(Java) Notes --- Analysis of the underlying principles of HashMap and HashMap interview questions

content

1. Implemented interface

2. Default initial value

1. Default initial capacity

2. Default maximum capacity

3. Default Load Factor

3. Interconversion between linked list and red-black tree

4. The structure of the linked list in the hash bucket

5. Hash function

6. Expansion

7. Commonly used methods in HashMap

1. Constructor

2. Find, get the value according to the key

3. Check if the key exists 

4. Insert

5. Delete

8. HashMap FAQ


1. Implemented interface

The bottom layer implements Map, clone, serialization interfaces

2. Default initial value

1. Default initial capacity

2^4 = 16, when no initial capacity is given, the capacity defaults to 16

2. Default maximum capacity

The default maximum capacity is 2^30 

3. Default Load Factor

The default load factor is 0.75, the number of effective elements / table capacity = load factor

3. Interconversion between linked list and red-black tree

The hash bucket stores the linked list nodes, but under certain conditions, the linked list and the red-black tree will be converted into each other.

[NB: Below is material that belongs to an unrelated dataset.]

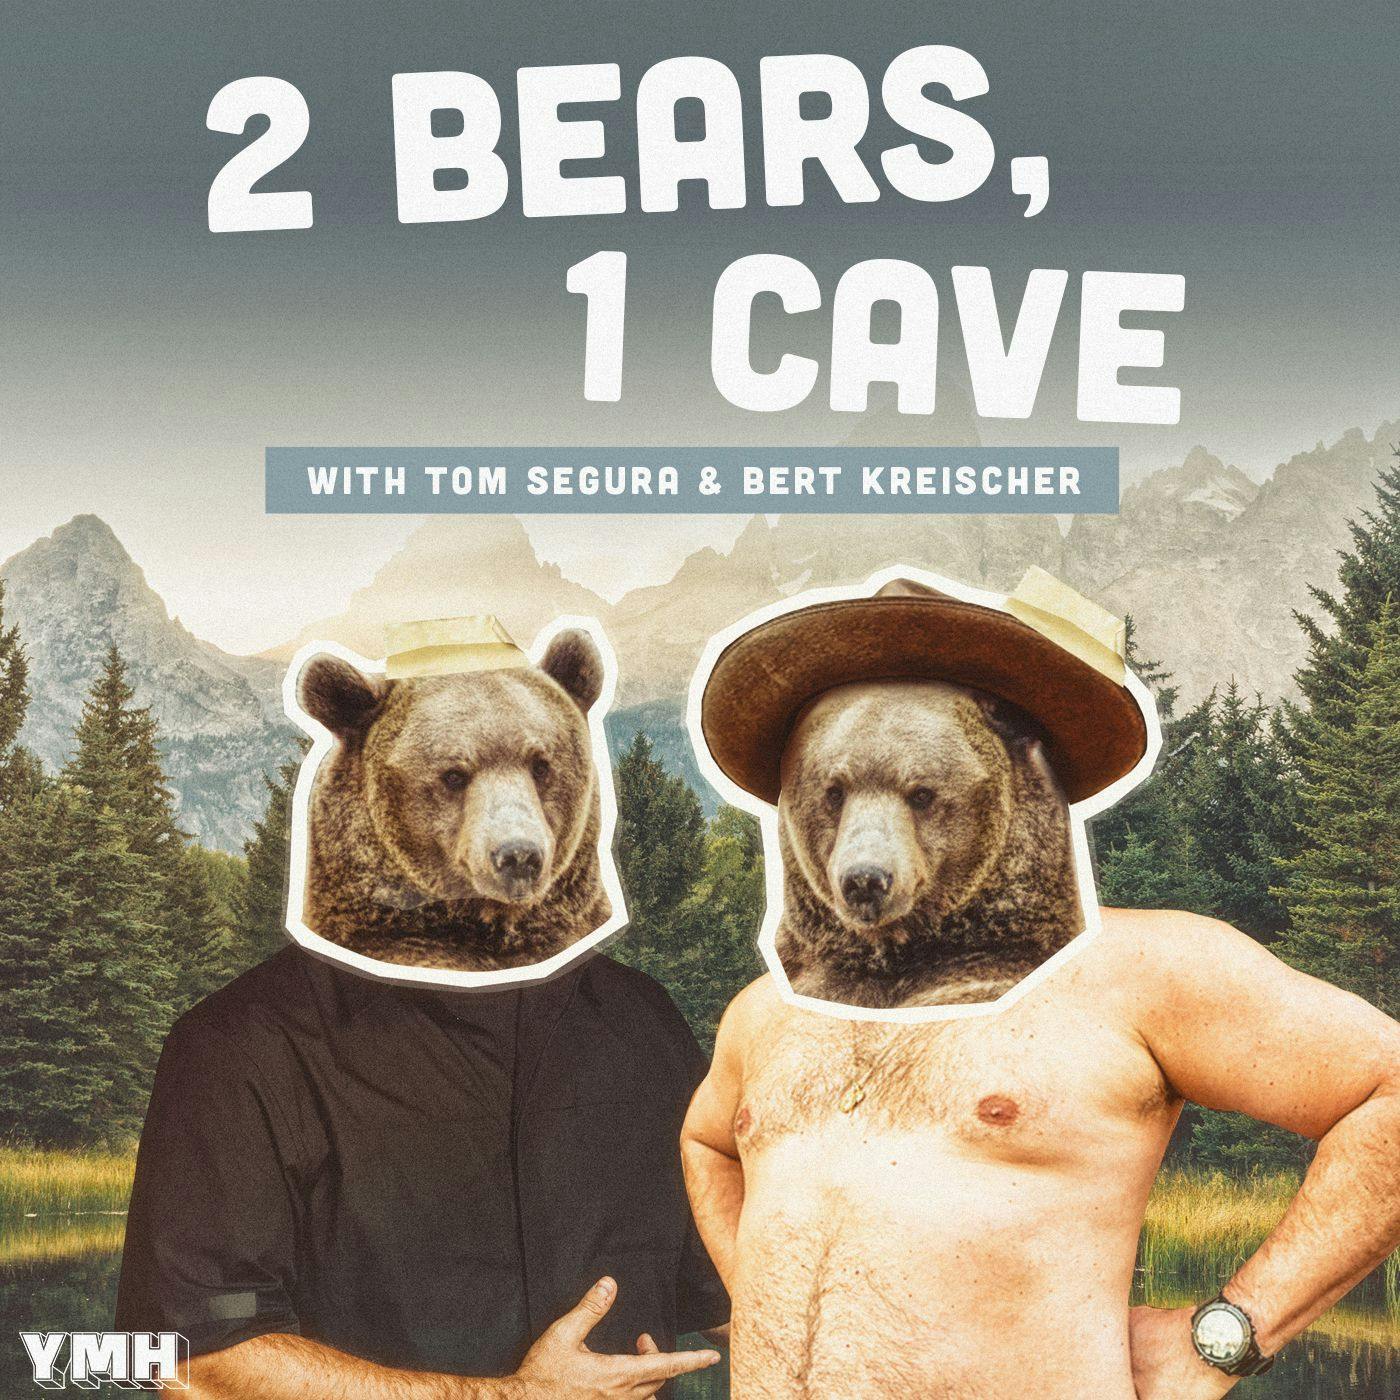 2 Bears, 1 Cave with Tom Segura & Bert Kreischer podcast show image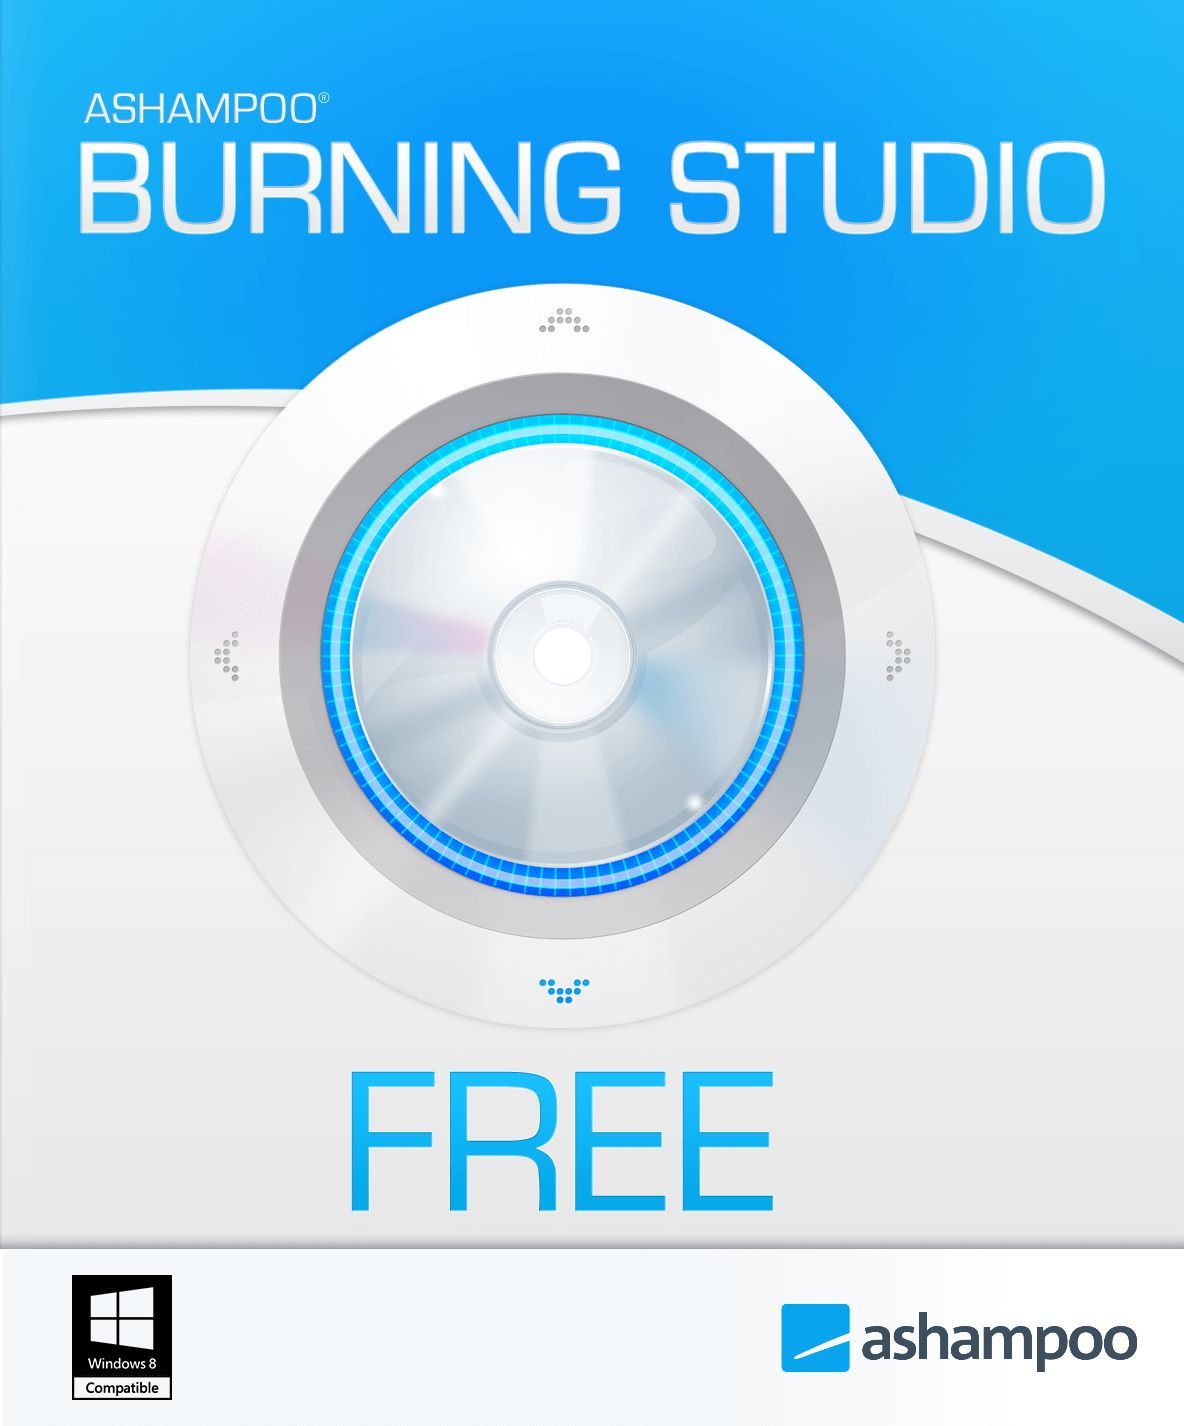 Ashampoo Burning Studio FREE

If the number of linked list nodes in each bucket exceeds 8, the linked list will be converted into a red-black tree

When the number of nodes in the red-black tree is less than 6, the red-black tree will degenerate into a linked list

If the number of nodes in a linked list in the hash bucket exceeds 8, and the number of buckets exceeds 64, the linked list will be converted into a red-black tree, otherwise the capacity will be directly expanded 

4. The structure of the linked list in the hash bucket

//HashMap将其底层链表中的节点封装为静态内部类
//节点中带有key,value键值对以及key所对应的哈希值
static class Node<K,V> implements Map.Entry<K,V> {
        final int hash;   //节点的哈希值
        final K key;
        V value;
        Node<K,V> next;

        Node(int hash, K key, V value, Node<K,V> next) {
            this.hash = hash;
            this.key = key;
            this.value = value;
            this.next = next;
        }

        public final K getKey()        { return key; }
        public final V getValue()      { return value; }
        public final String toString() { return key + "=" + value; }
        
        //重写Object类中hashcode()方法
        public final int hashCode() {
            return Objects.hashCode(key) ^ Objects.hashCode(value);
        }

        public final V setValue(V newValue) {
            V oldValue = value;
            value = newValue;
            return oldValue;
        }
        
        //重写Object类中equals方法
        public final boolean equals(Object o) {
            if (o == this)
                return true;
            if (o instanceof Map.Entry) {
                Map.Entry<?,?> e = (Map.Entry<?,?>)o;
                if (Objects.equals(key, e.getKey()) &&
                    Objects.equals(value, e.getValue()))
                    return true;
            }
            return false;
        }
    }

5. Hash function

Convert the key to an integer number, and then use this number to divide the remainder method to calculate the position of the bucket 

Parse:

1. If key is null, return bucket 0.

2. If the key is not null, the hash code corresponding to the key is returned. If the key is a custom type, the hashcode() method in the Object class must be rewritten.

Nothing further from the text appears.